§ Data below:
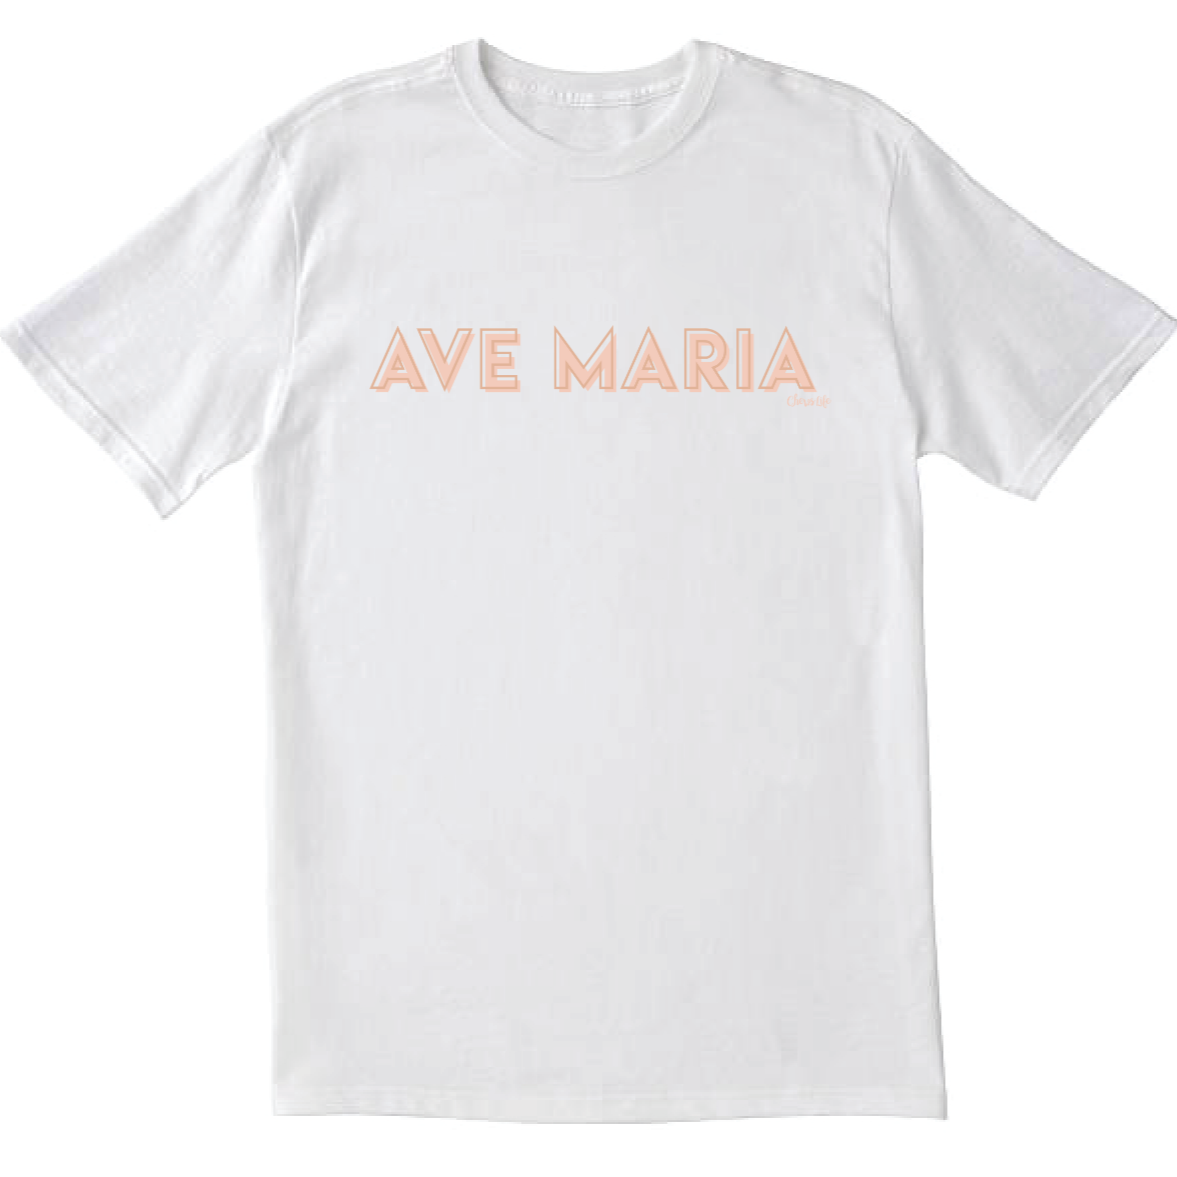 Ave Maria Cotton Unisex T-Shirt | White, Navy, Black, or Gray
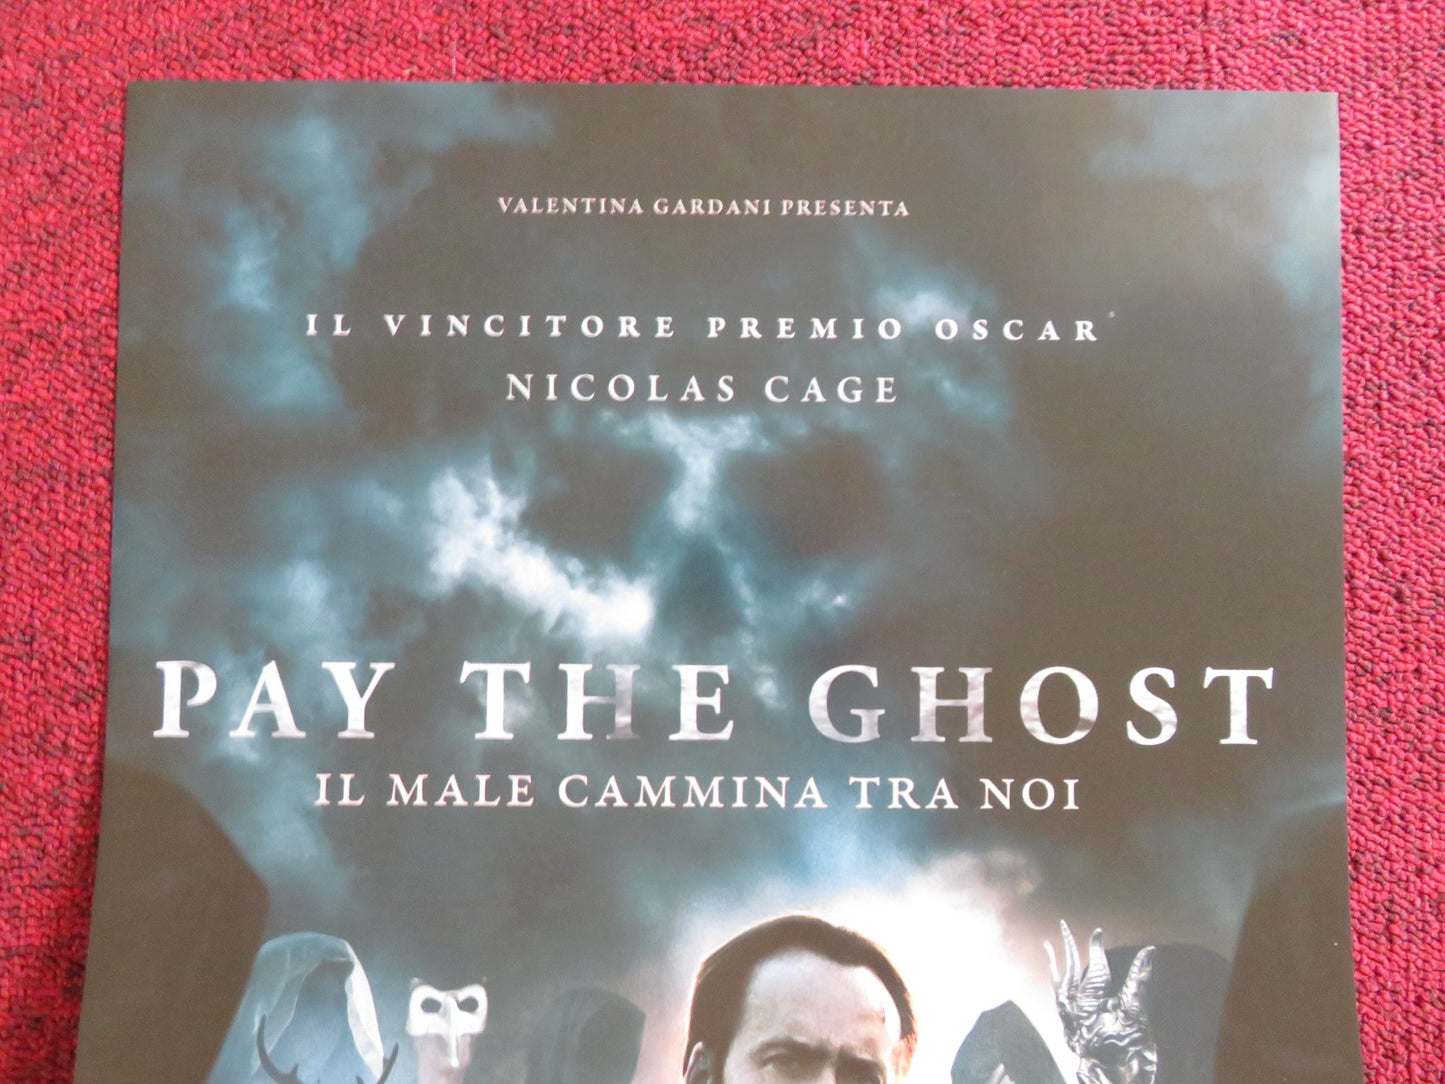 PAY THE GHOST ITALIAN LOCANDINA POSTER NICOLAS CAGE SARAH WAYNE CALLIES 2015
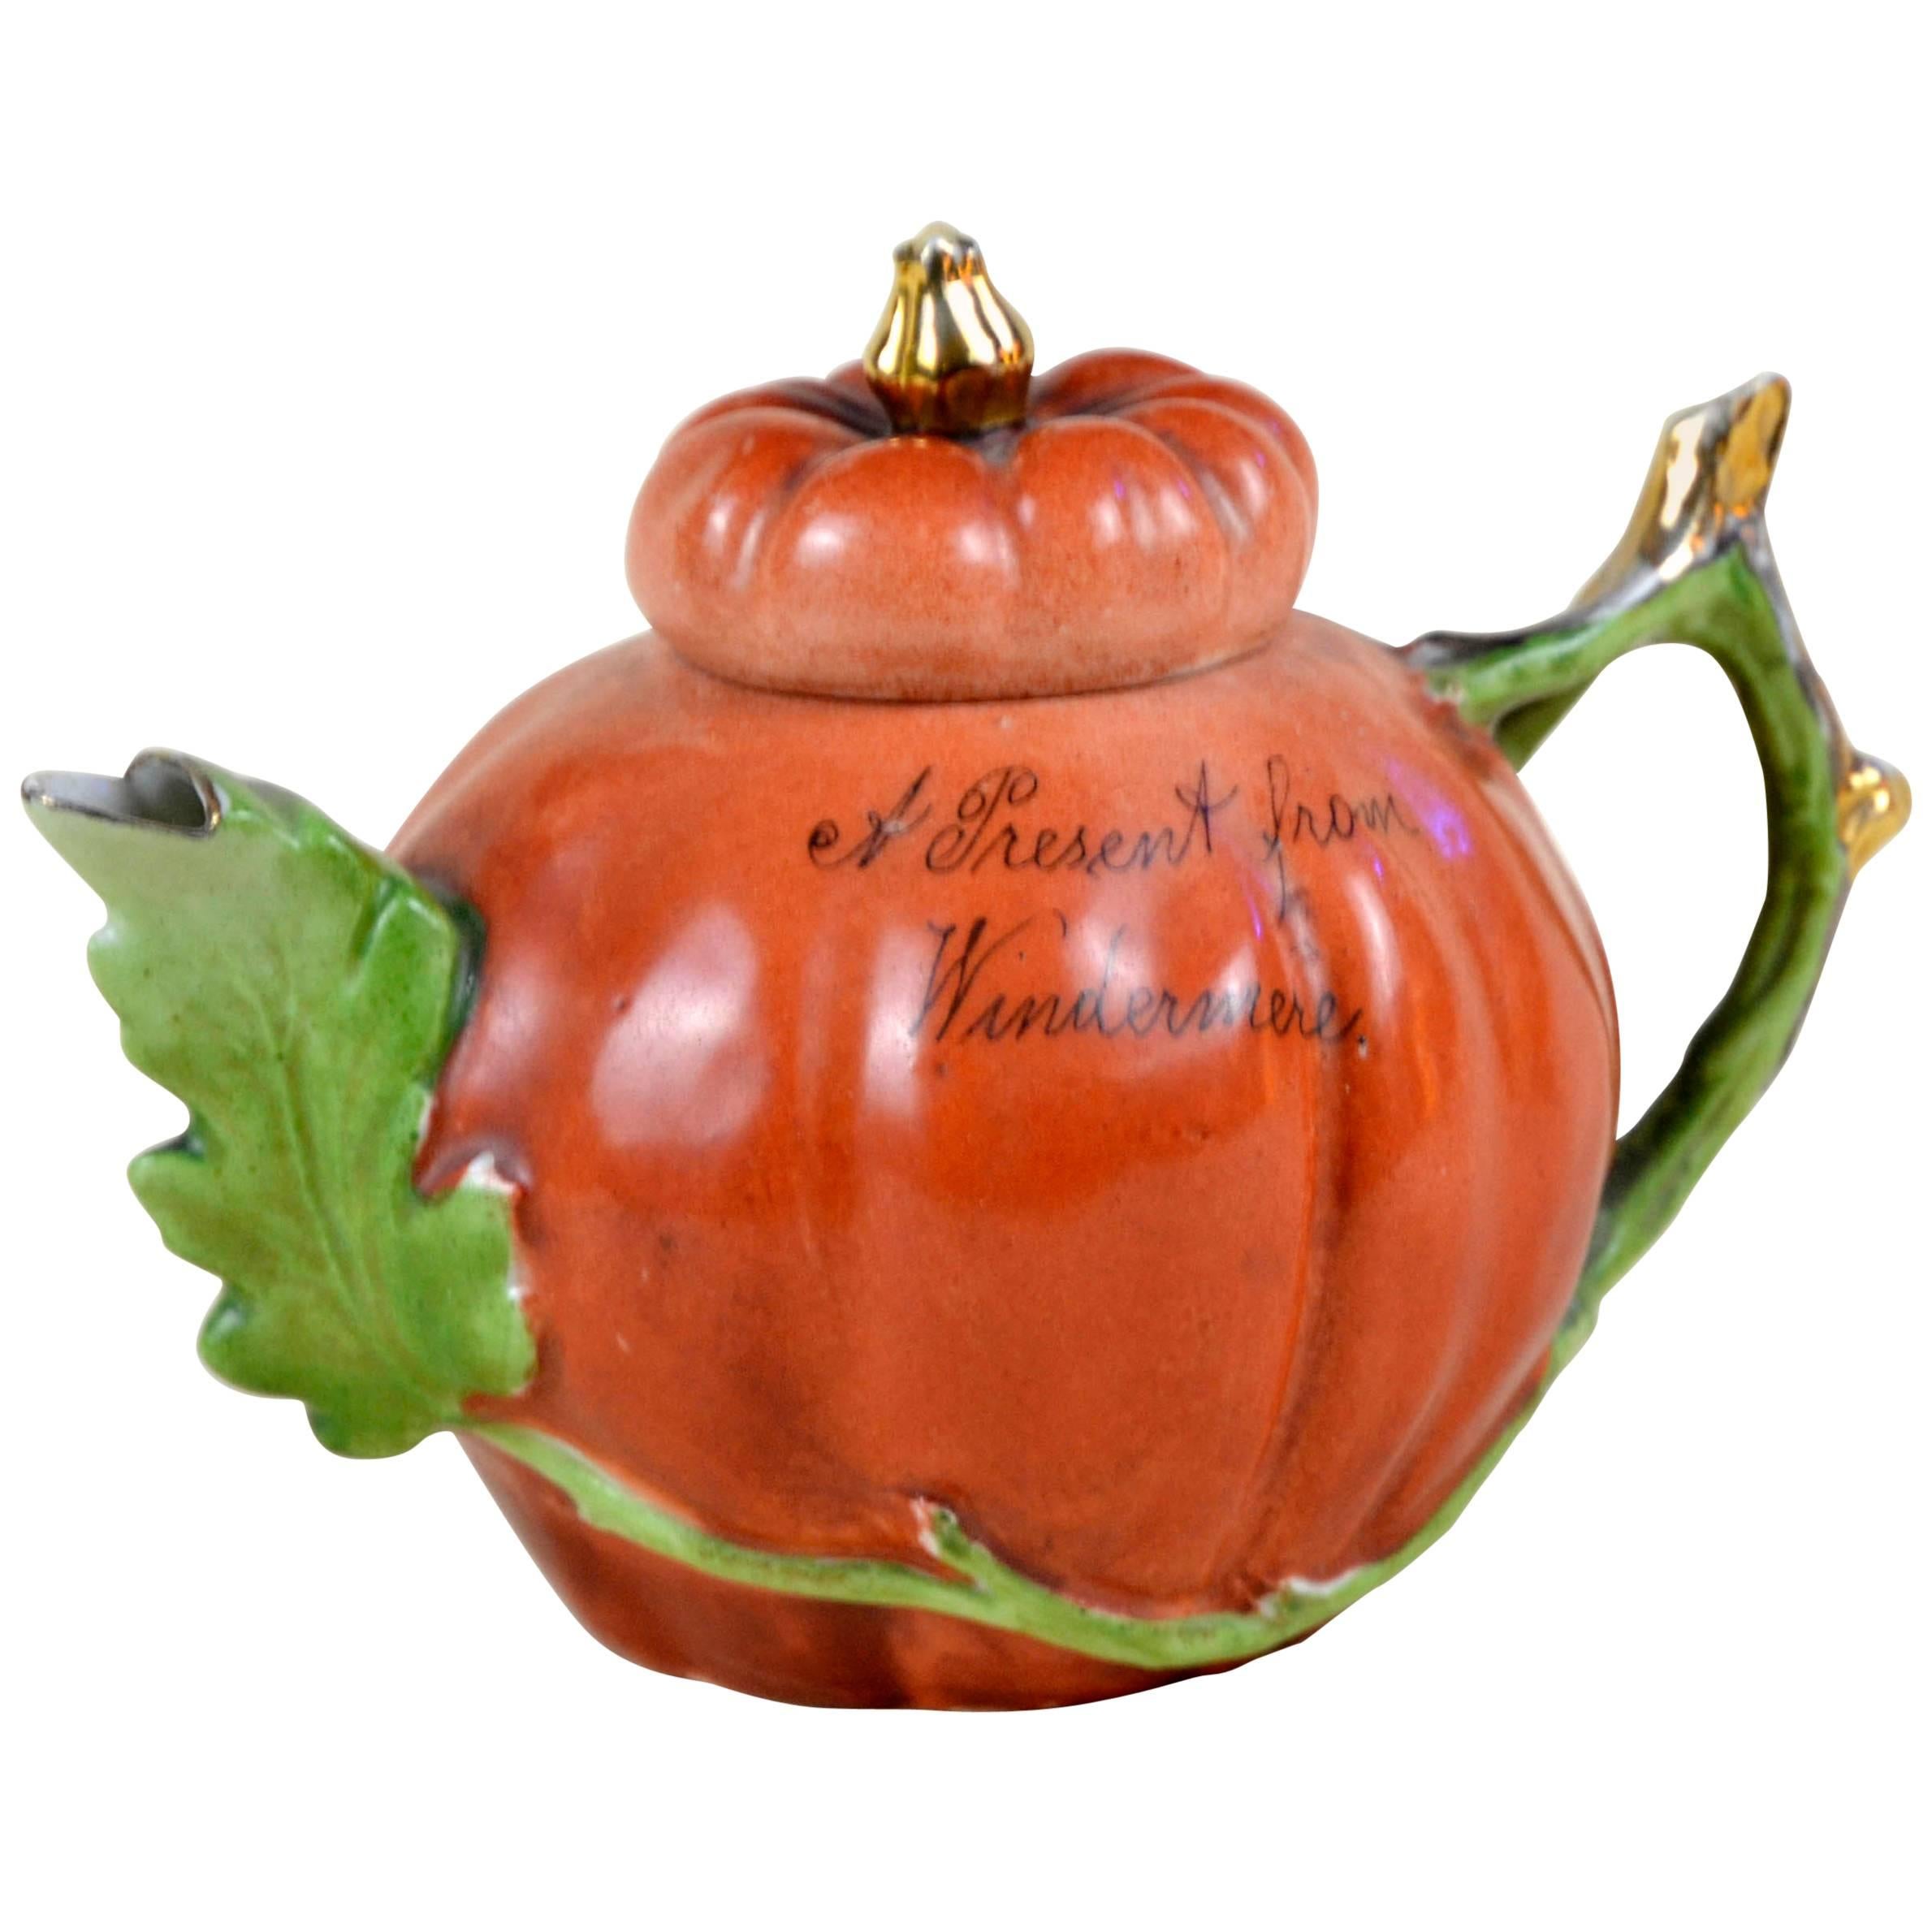 1900s Edwardian Porcelain Pumpkin Shaped Souvenir Teapot Made in England

§ Work item:
Copy out the listing above in full and keep the pictures out.

§ Answer for the task:
 Ave Maria Cotton Unisex T-Shirt | White, Navy, Black, or Gray
 PAY THE GHOST ITALIAN LOCANDINA POSTER NICOLAS CAGE SARAH WAYNE CALLIES 2015
 1900s Edwardian Porcelain Pumpkin Shaped Souvenir Teapot Made in England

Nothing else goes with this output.